STAT545A Homework 5

Jack Ni

I will be using the Labour Force Survey data for this homework. The LFS is a national survey measuring many factors of employed (or unemployed) people. The information obtained contains sex, age group, education, hourly earnings, and job tenure. I will be working with this data to look for meaningful correlations.

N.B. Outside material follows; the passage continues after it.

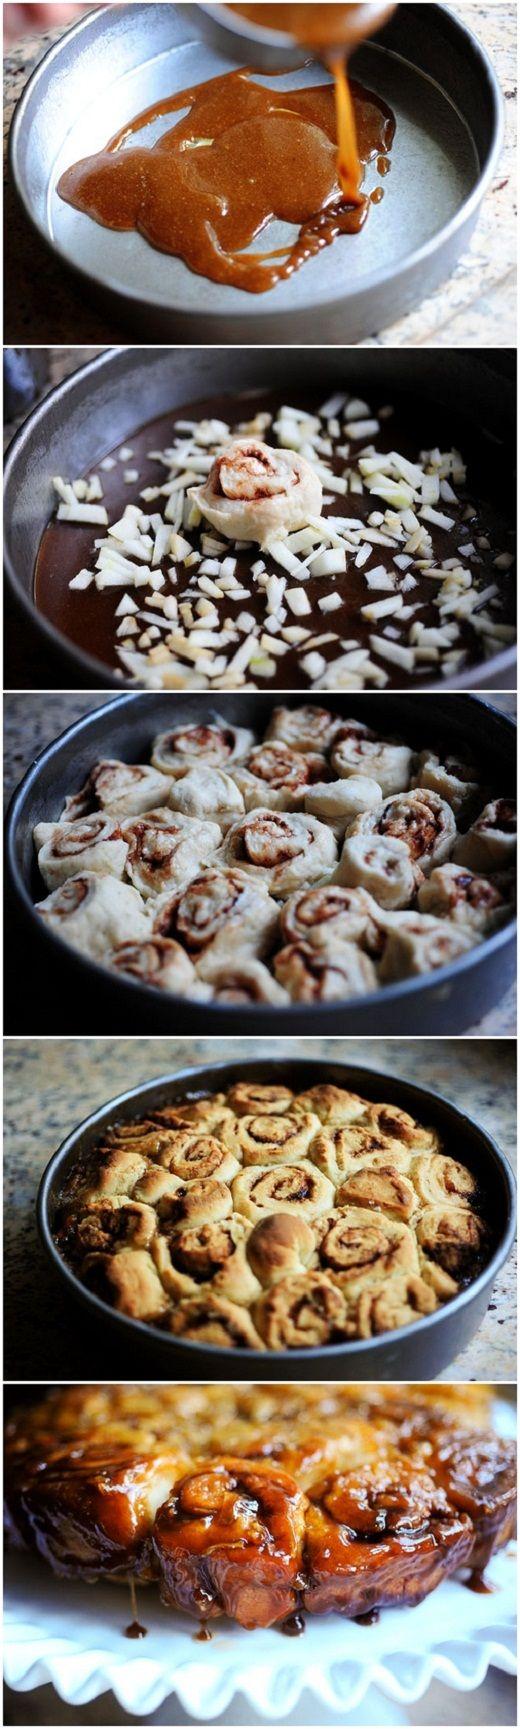 17 Best images about Monkey bread on Pinterest   Pumpkins ...

lfs <- read.csv("LFS.csv")
str(lfs)
## 'data.frame':    136407 obs. of  12 variables:
##  $ YEAR     : int  1997 1997 1997 1997 1997 1997 1997 1997 1997 1997 ...
##  $ PROV     : Factor w/ 4 levels "AL","BC","ON",..: 3 1 2 3 3 3 3 4 3 3 ...
##  $ SEX      : Factor w/ 2 levels "Female","Male": 2 1 1 1 1 1 2 2 2 1 ...
##  $ MARRIED  : Factor w/ 2 levels "No","Yes": 2 2 1 2 2 1 2 1 2 2 ...
##  $ AGE      : Factor w/ 5 levels "15-24","25-34",..: 3 3 1 3 4 4 3 1 1 1 ...
##  $ EDUCATION: int  3 2 2 3 2 1 3 3 2 3 ...
##  $ FULLTIME : Factor w/ 2 levels "FT","PT": 1 1 2 1 1 1 1 1 1 1 ...
##  $ HOURS    : num  16 47 24 4 0 37.5 40 35 64 30 ...
##  $ TENURE   : int  140 61 22 80 240 204 74 8 32 33 ...
##  $ HRLYEARN : num  15 21.1 7 21 21.6 ...
##  $ UNION    : Factor w/ 2 levels "No","Yes": 2 1 2 2 2 2 1 2 1 1 ...
##  $ FWEIGHT  : int  66 310 257 541 86 267 726 680 335 164 ...
library(ggplot2)

Here, I make a four boxplots, one for each year, comparing age group with hourly earnings. While there doesn't seem to be many significant differences, the general trend seems to be a slight increase in median earnings as year increases. And the lowest earning age group is between 15-24 while the highest looks to be 45-54.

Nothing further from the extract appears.